◆ Raw data ◆
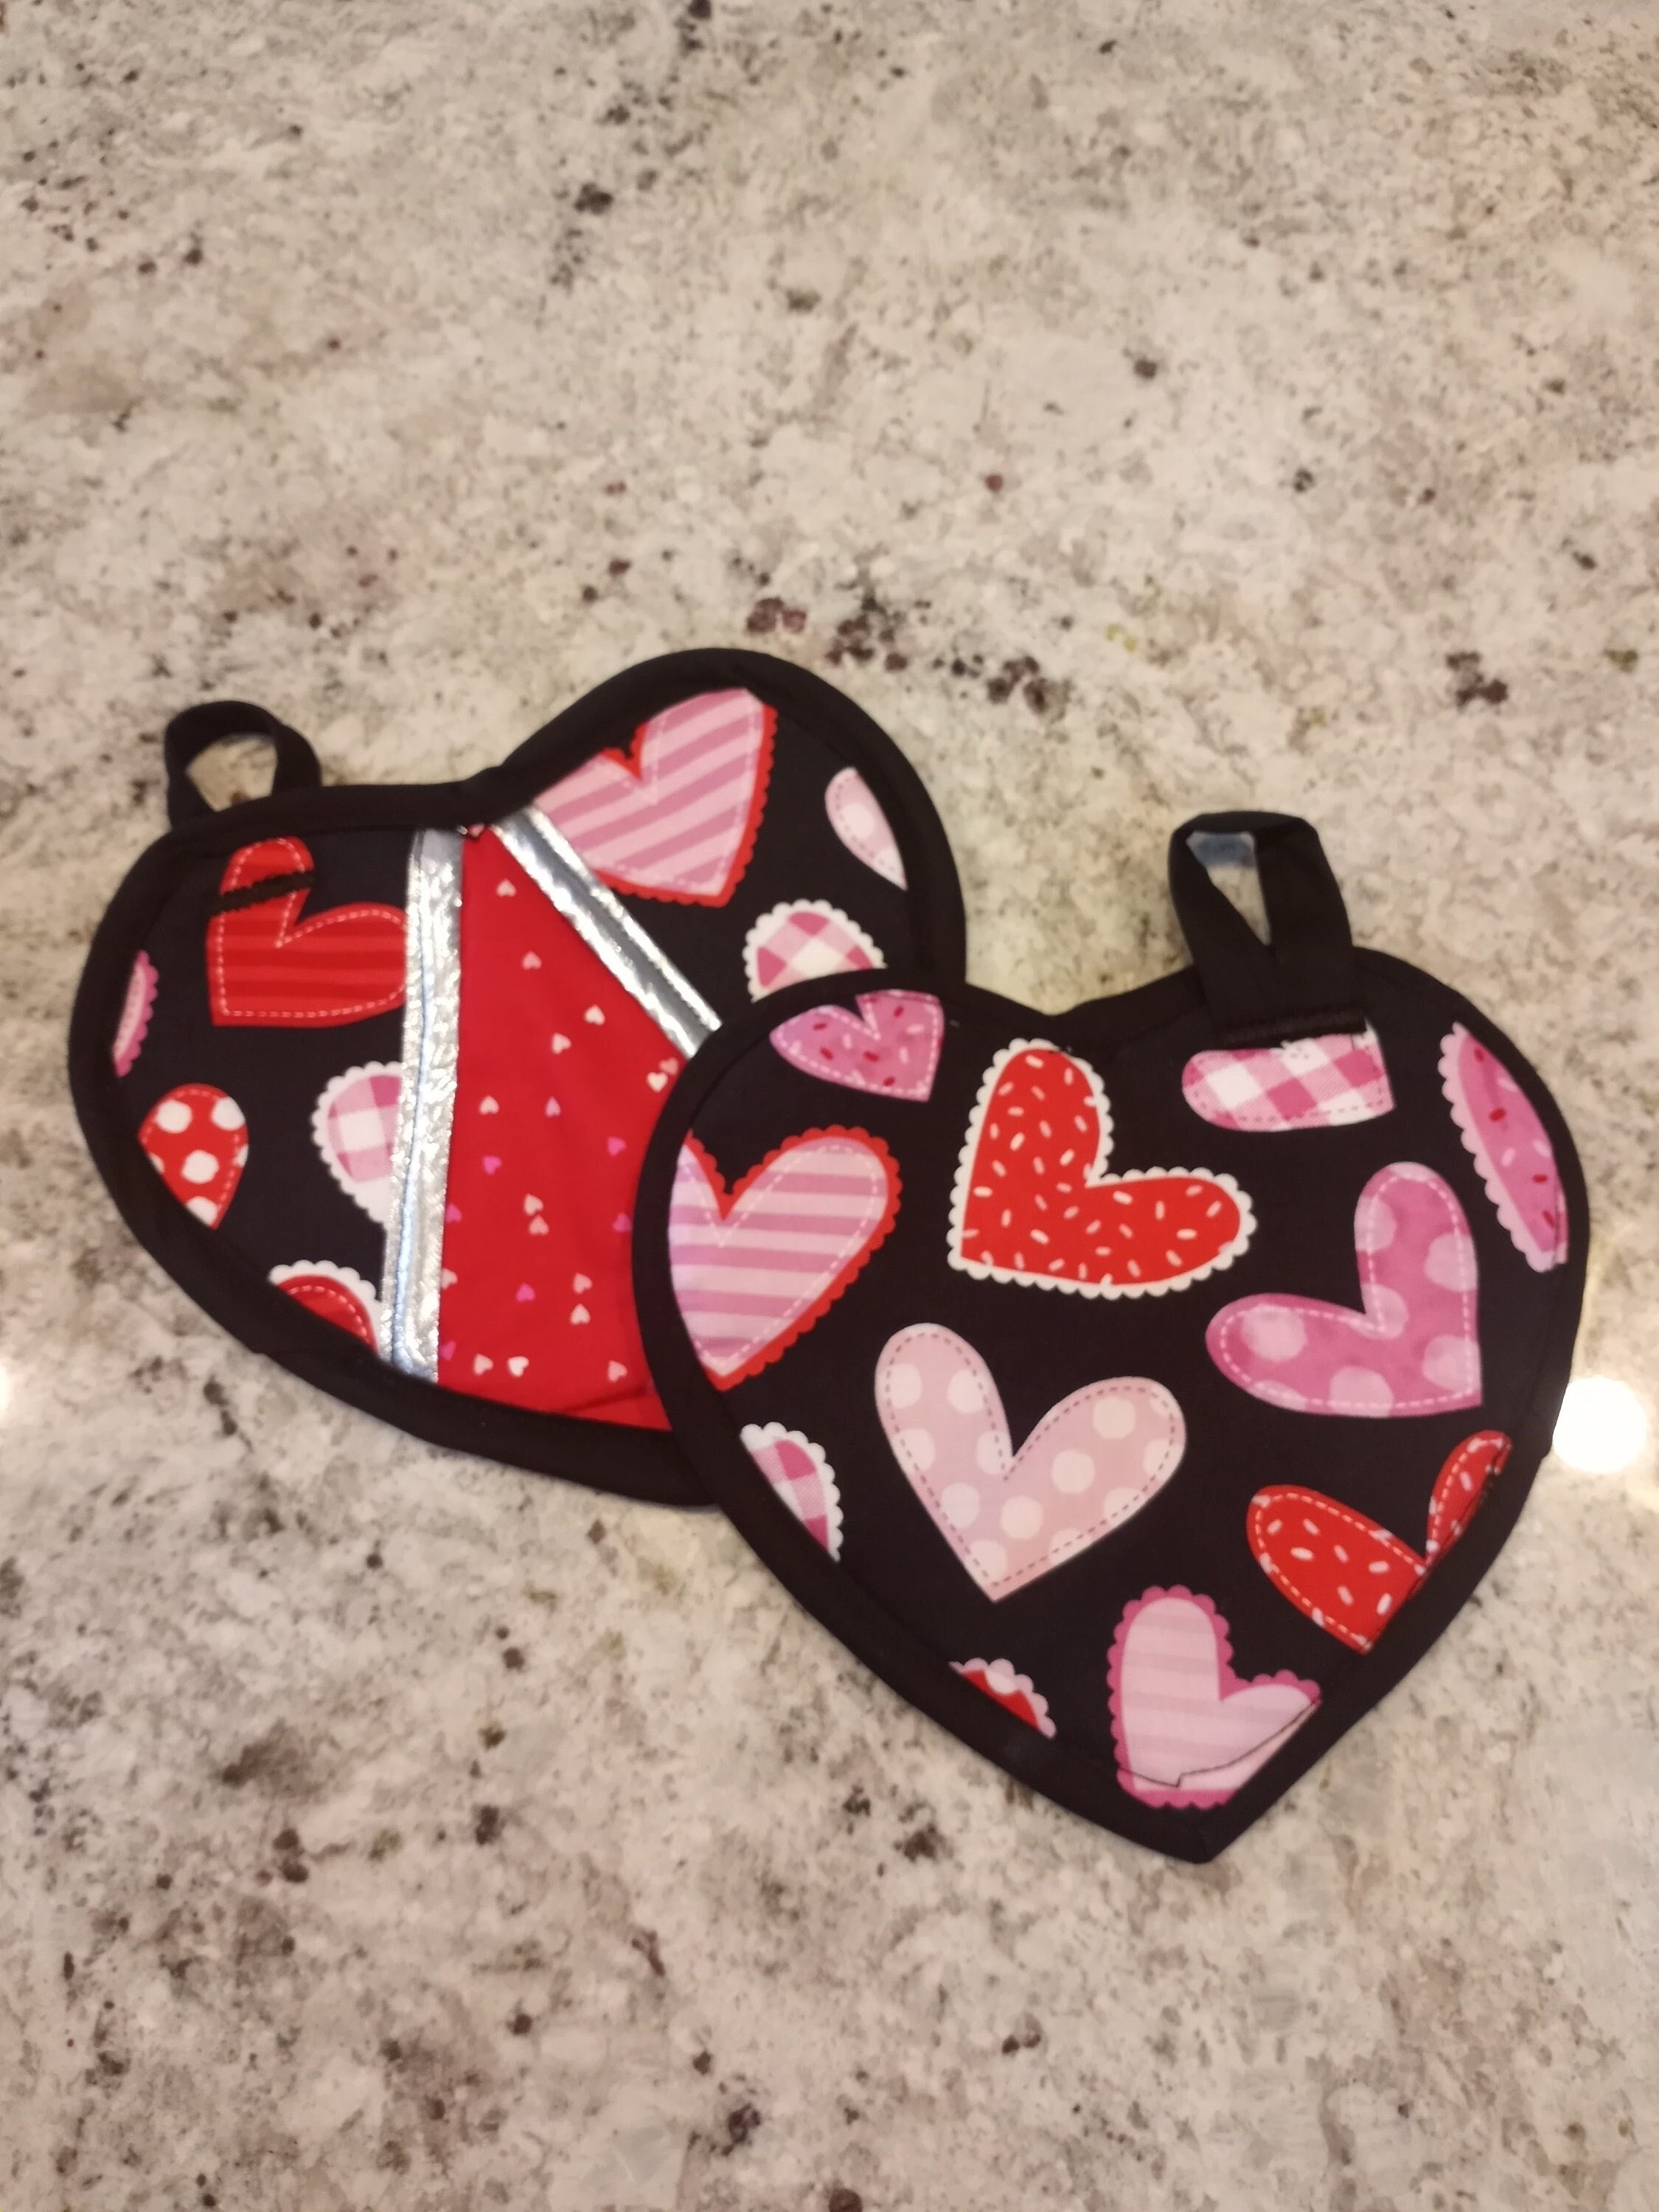 Cute Black Cat Love Oven Mitts & Pot Holders 2pcs Valentine Pink Hearts  Decorative Kitchen Heat Resistant Non-Slip Potholders Set for Women Cooking
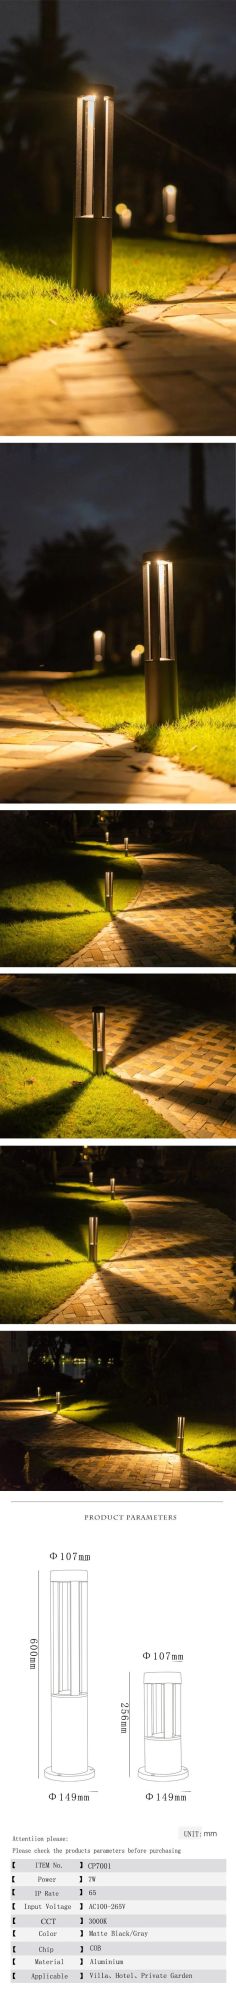 Electric RGB 3-5m LED Landscape Outdoor Garden String Lights Poles
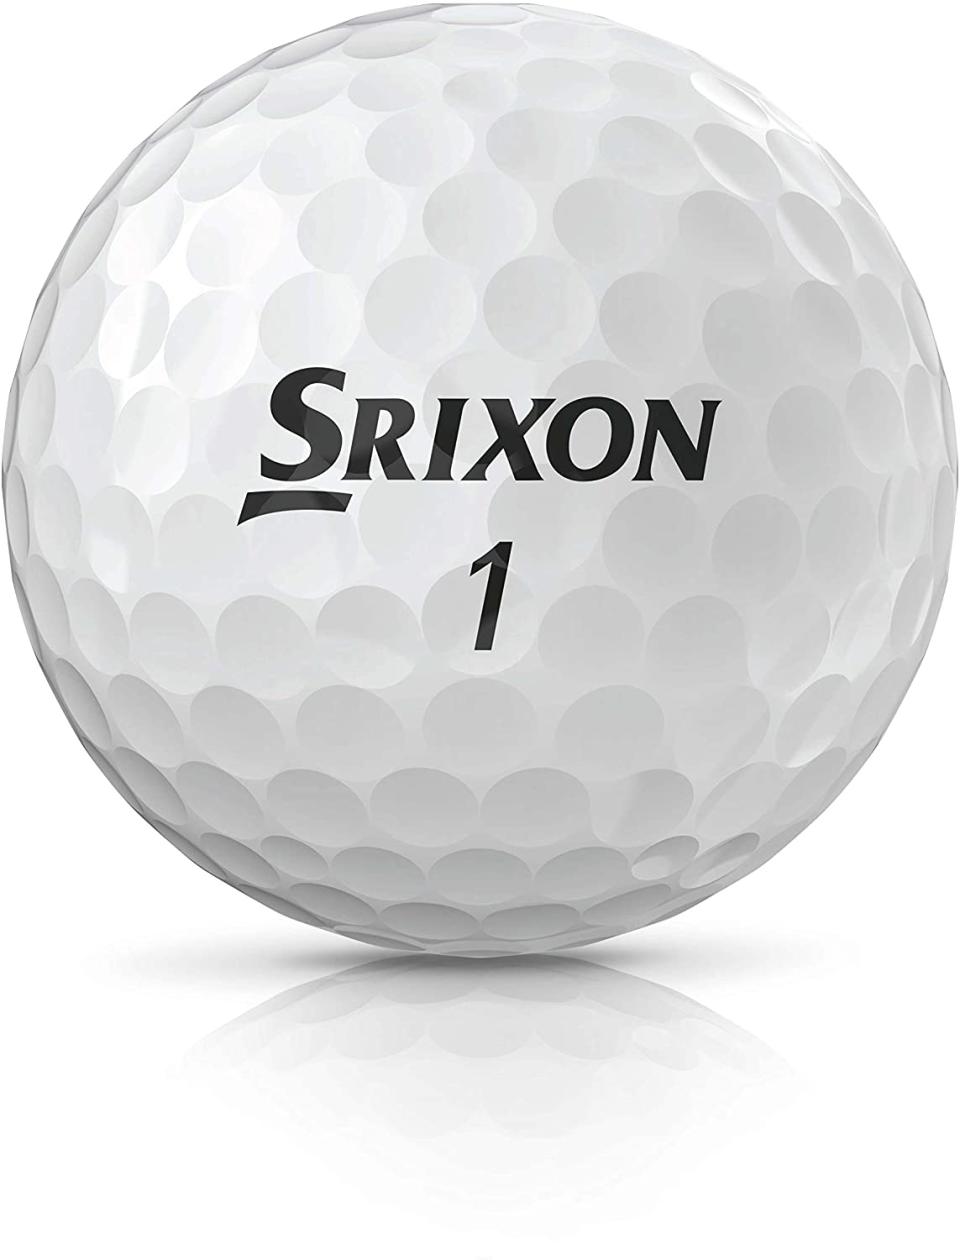 best golf balls 2021 - srixon

◆ Work item ◆
What is needed is the data above, retyped exactly, with every picture left out.

◆ Answer to this task ◆
 Cute Black Cat Love Oven Mitts & Pot Holders 2pcs Valentine Pink Hearts  Decorative Kitchen Heat Resistant Non-Slip Potholders Set for Women Cooking
 Electric RGB 3-5m LED Landscape Outdoor Garden String Lights Poles
 best golf balls 2021 - srixon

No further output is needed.